All of the listing should be output exactly, apart from the pictures.

• **Data excerpt**:
+-------+
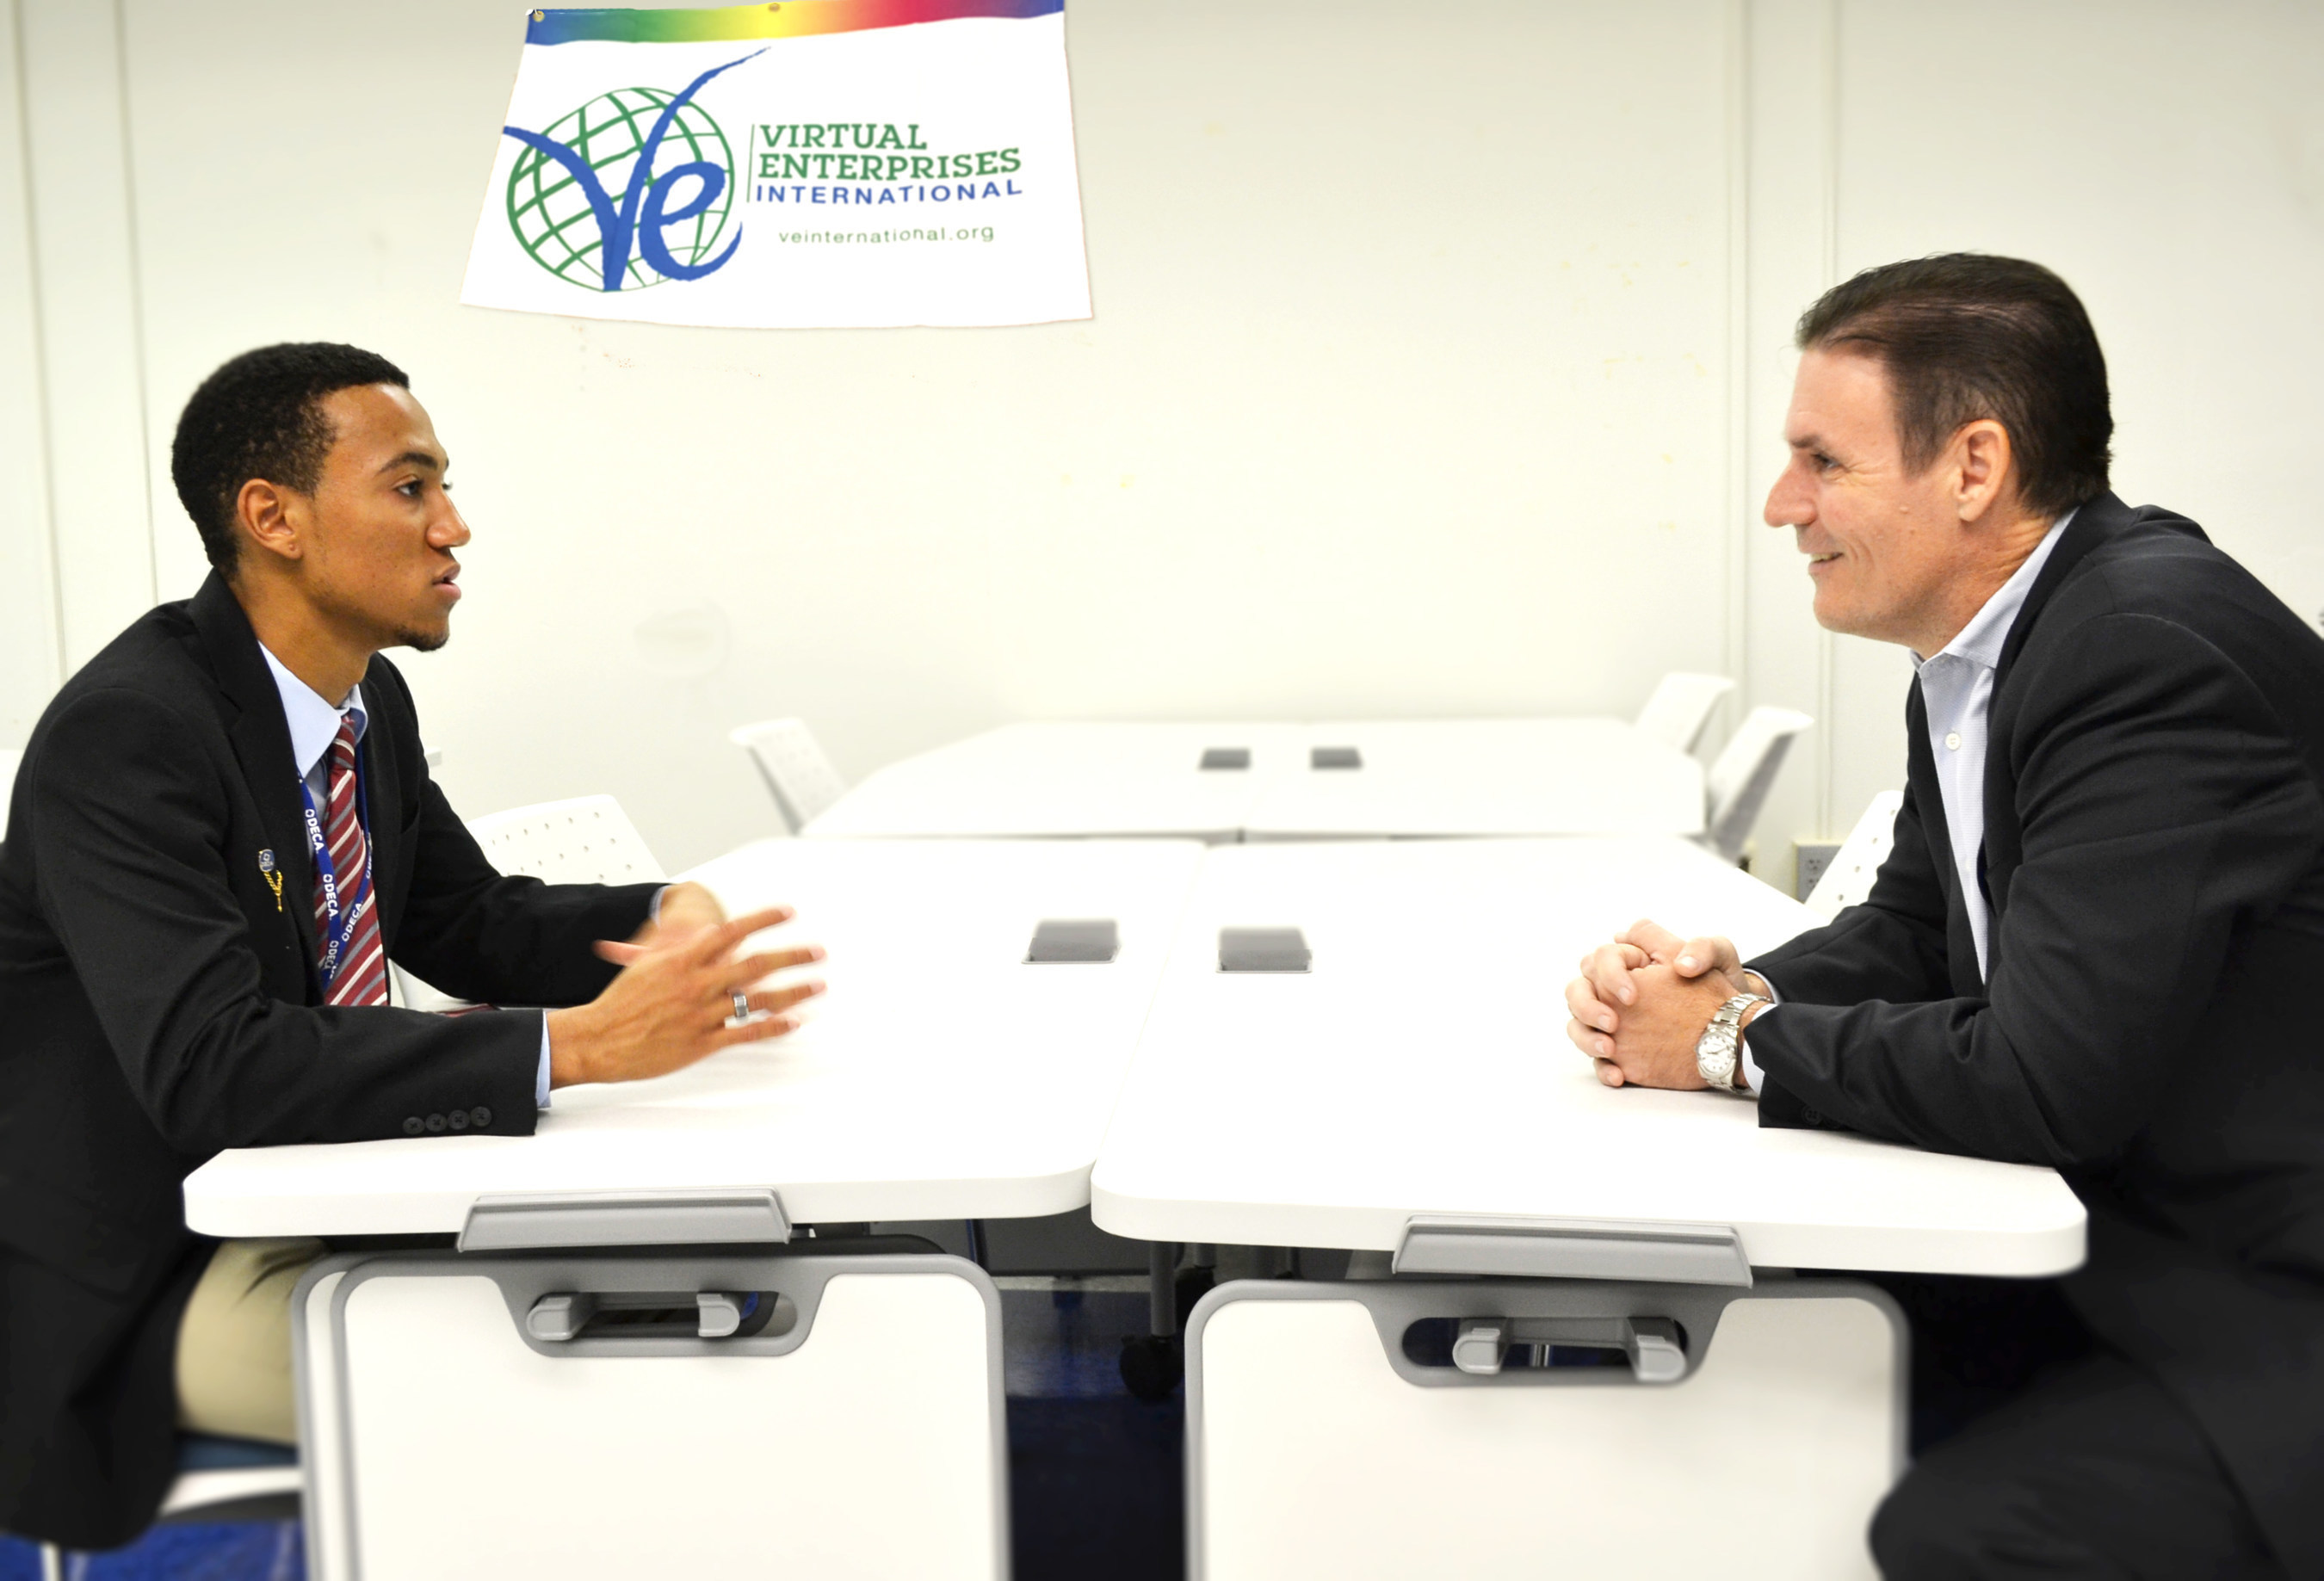 Digital Risk Co-founder & Managing Partner Jeff Taylor interviewing J.P. Taravella High School student Aaron Mitchell, newly elected CEO of the school's VEI program.
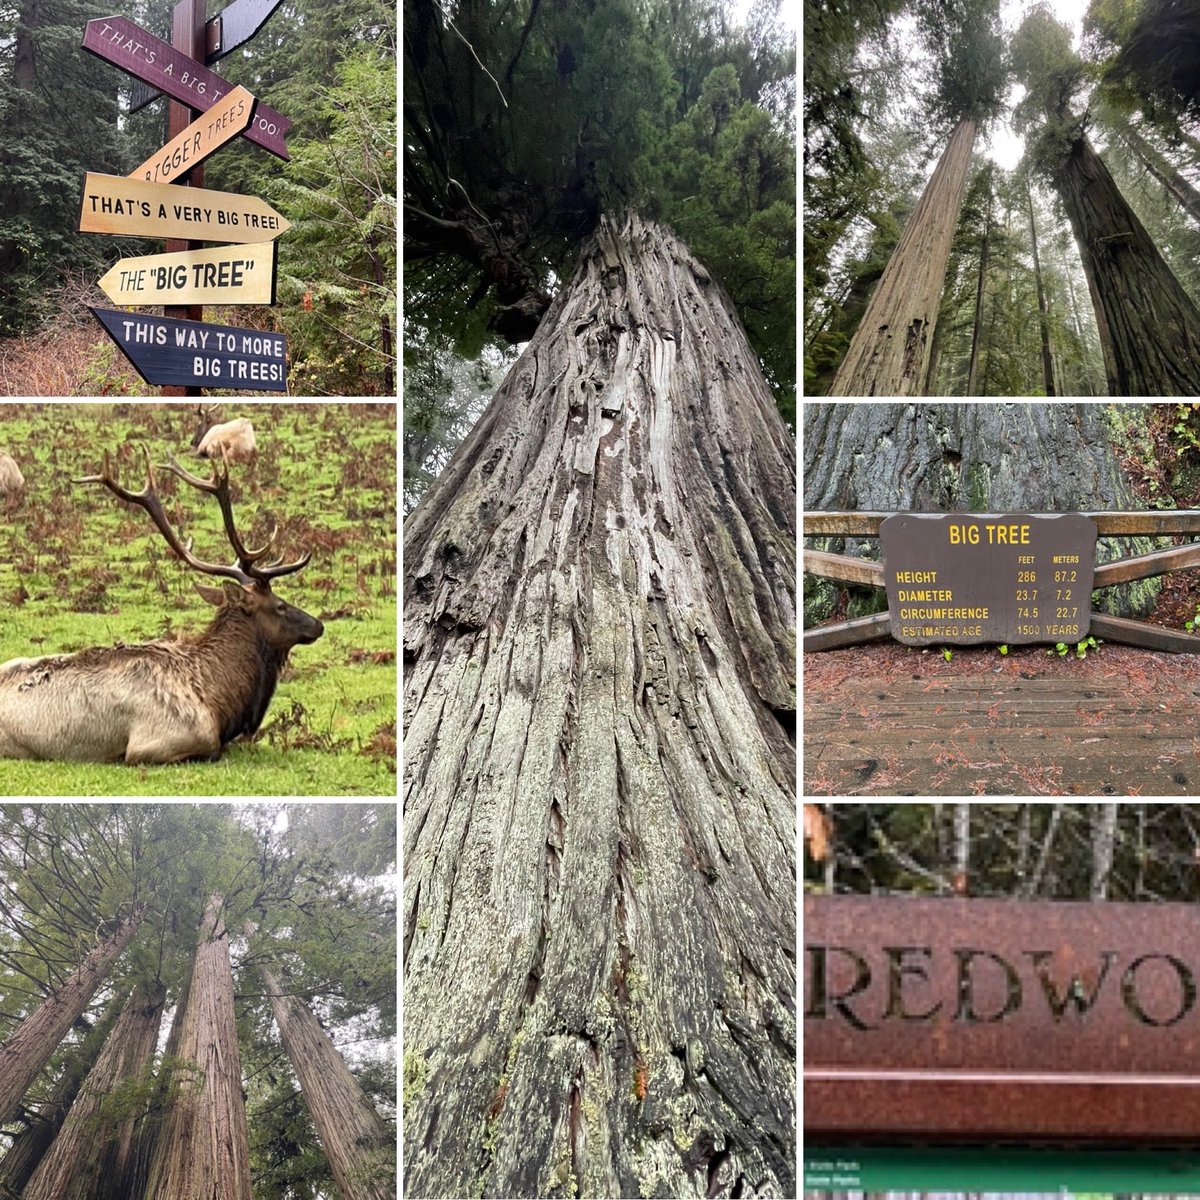 Yup. Very BIG trees. Lots of them. Old growth. And super beautiful. #RedwoodNationalPark
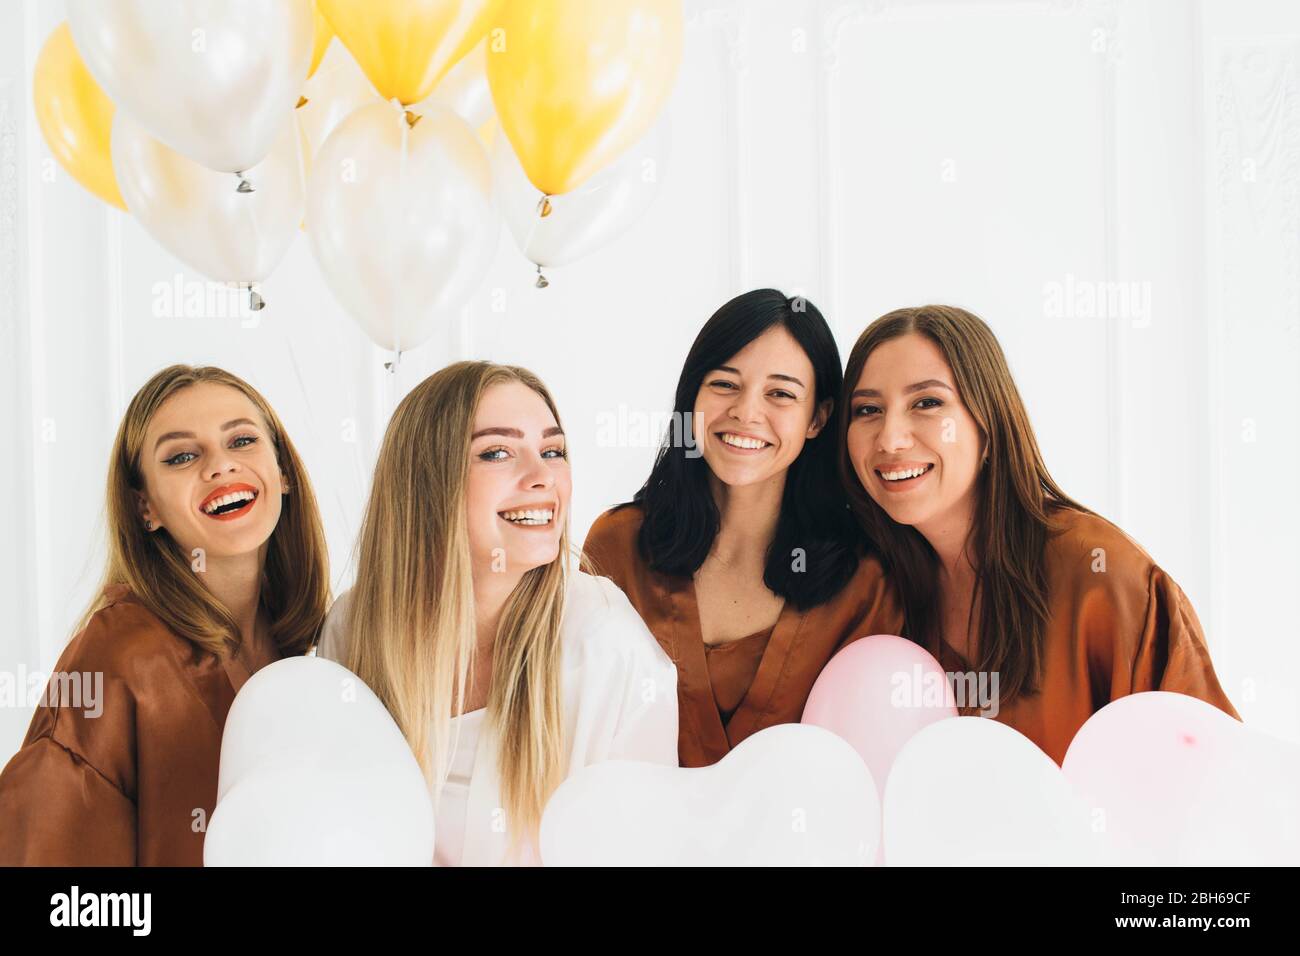 Beautiful woman wearing satin robes celebrating bachelorette, holding balloons. Woman with her friends have a cool party Stock Photo
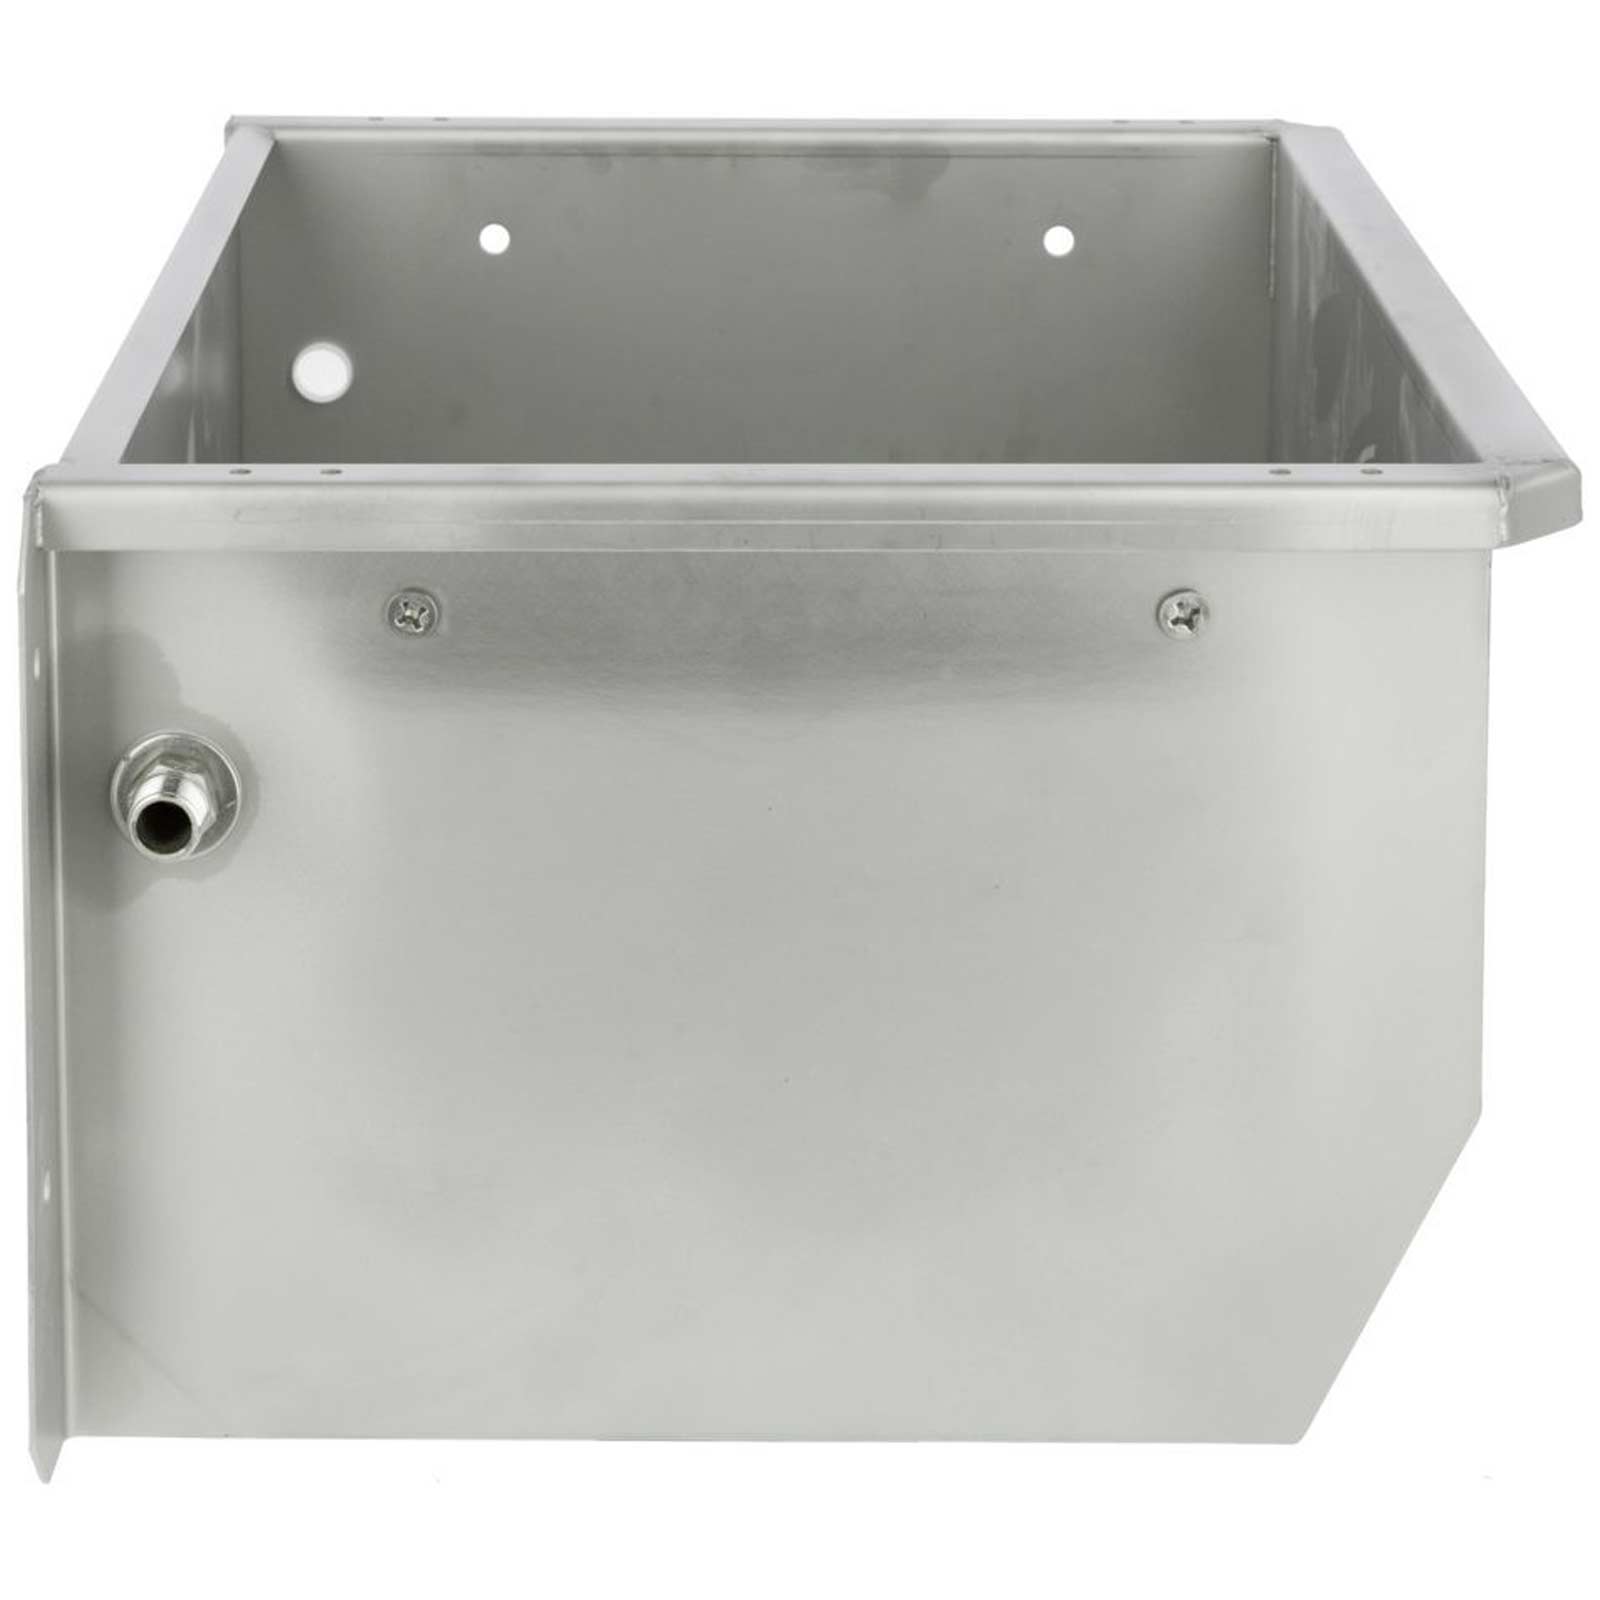 Trough drinker stainless steel 60 x 42,5 x 29 cm 35 L Without heating
+-------+
• **Result**:
 Digital Risk Co-founder & Managing Partner Jeff Taylor interviewing J.P. Taravella High School student Aaron Mitchell, newly elected CEO of the school's VEI program.
 Yup. Very BIG trees. Lots of them. Old growth. And super beautiful. #RedwoodNationalPark
 Beautiful woman wearing satin robes celebrating bachelorette, holding balloons. Woman with her friends have a cool party Stock Photo
 Trough drinker stainless steel 60 x 42,5 x 29 cm 35 L Without heating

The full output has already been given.